Likewise, even in replicated trials, if the yields of two treatments aren't significantly different, even if one is a couple bushels better than the other, you have to assume that there is no difference between them. You could run the same trial again and the winner could be reversed by the same amount.

One to two bushels difference per acre even in a replicated trial where the two aren't significantly different is basically saying they're the same, notes Bob Nielsen, Purdue University corn specialist. The fact that one out yielded the other and is listed above the other may plant a seed in your head that it is better, but science says otherwise.

Scientists live by what's called LSD, or least significant difference. If you run a replicated experiment and hybrid A yields 196 bushels per acre and hybrid B yields 200 bushels per acre, but it takes 5 bushels spread to make it significantly different, than for all practical purposes both are considered the same.

Four bushels may seem like quite a bit, but in an experiment where there are many variables, including soil type and human error, and perhaps weather differences in bigger plots, plus PH and soil fertility variations, that much difference could happen by chance, Nielsen says.
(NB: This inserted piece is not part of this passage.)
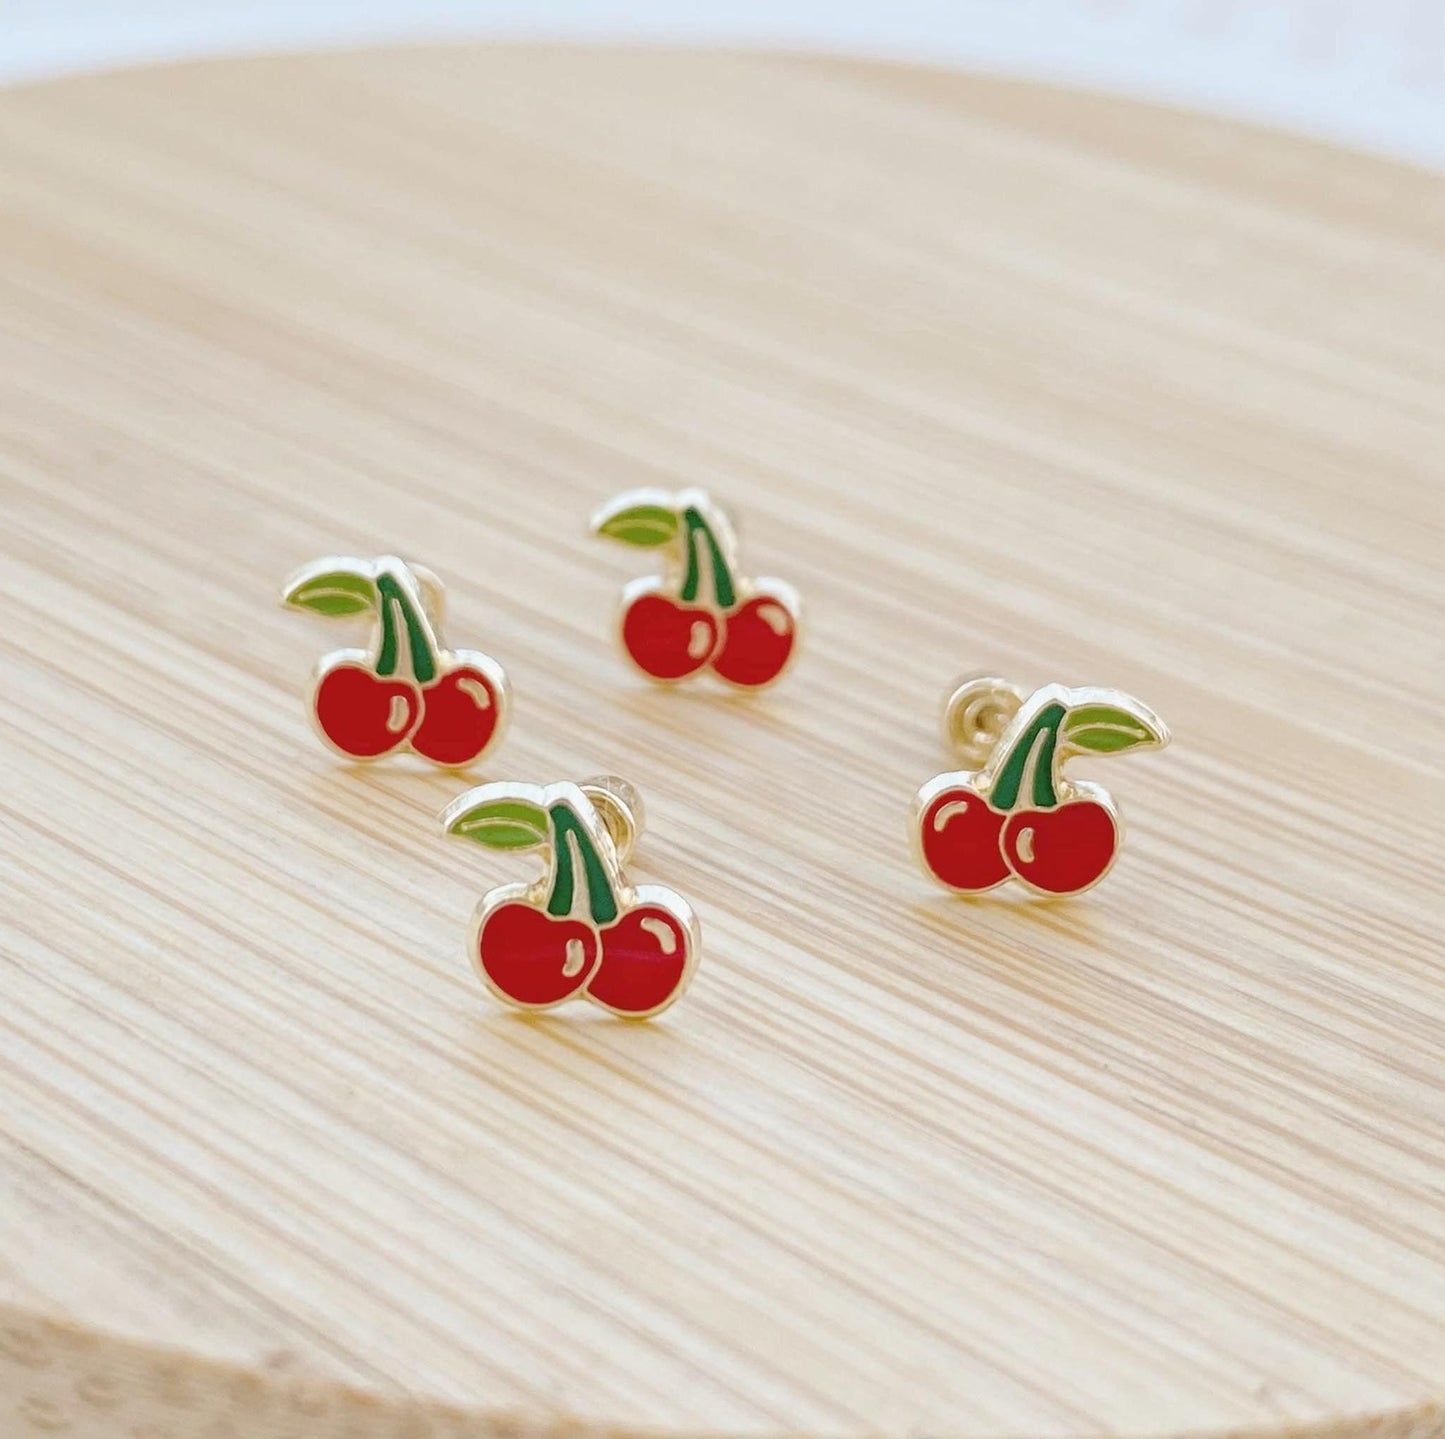 If you love cherries, you'll absolutely fall for these Dainty Cherry Stud Earrings! Our cherry earrings are handmade from authentic 10k gold, with each and every one of the tiny red gems being seen to do them justice. The screws backed backs give you a snug and secure fit, so these are perfect to sleep in or wear while lounging around the house.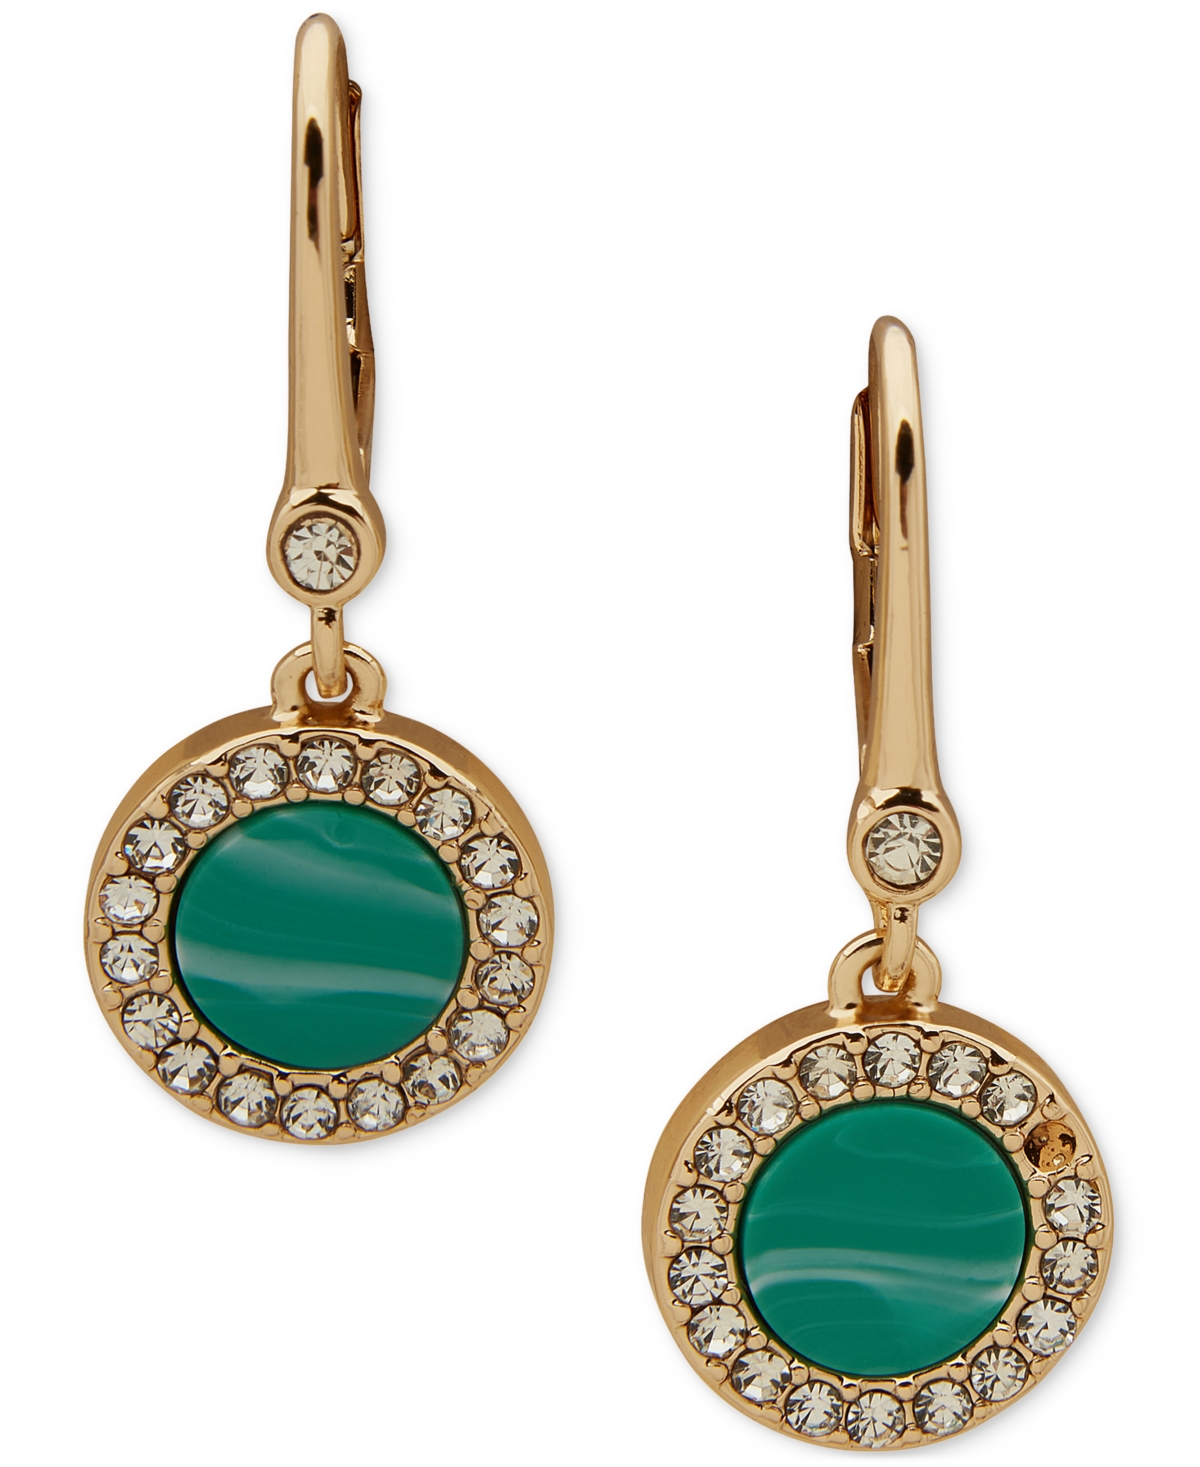 Gold-Tone Pave & Color Inlay Drop Earrings - Turquoise

Suppose the yields are 194 and 200, at a 5 bushels spread to make it significantly different. Now you can say that hybrid A is not as good as hybrid B. If you were at the 0.10 LSD level, that means you would be 90% sure that there was a real difference between the two hybrids or treatments, and that it was not due just to chance.

So as you look at yield results this fall, either for hybrids or agronomic practices, keep in mid that even if one out yields the other, it's whether it's significantly different or not that matters.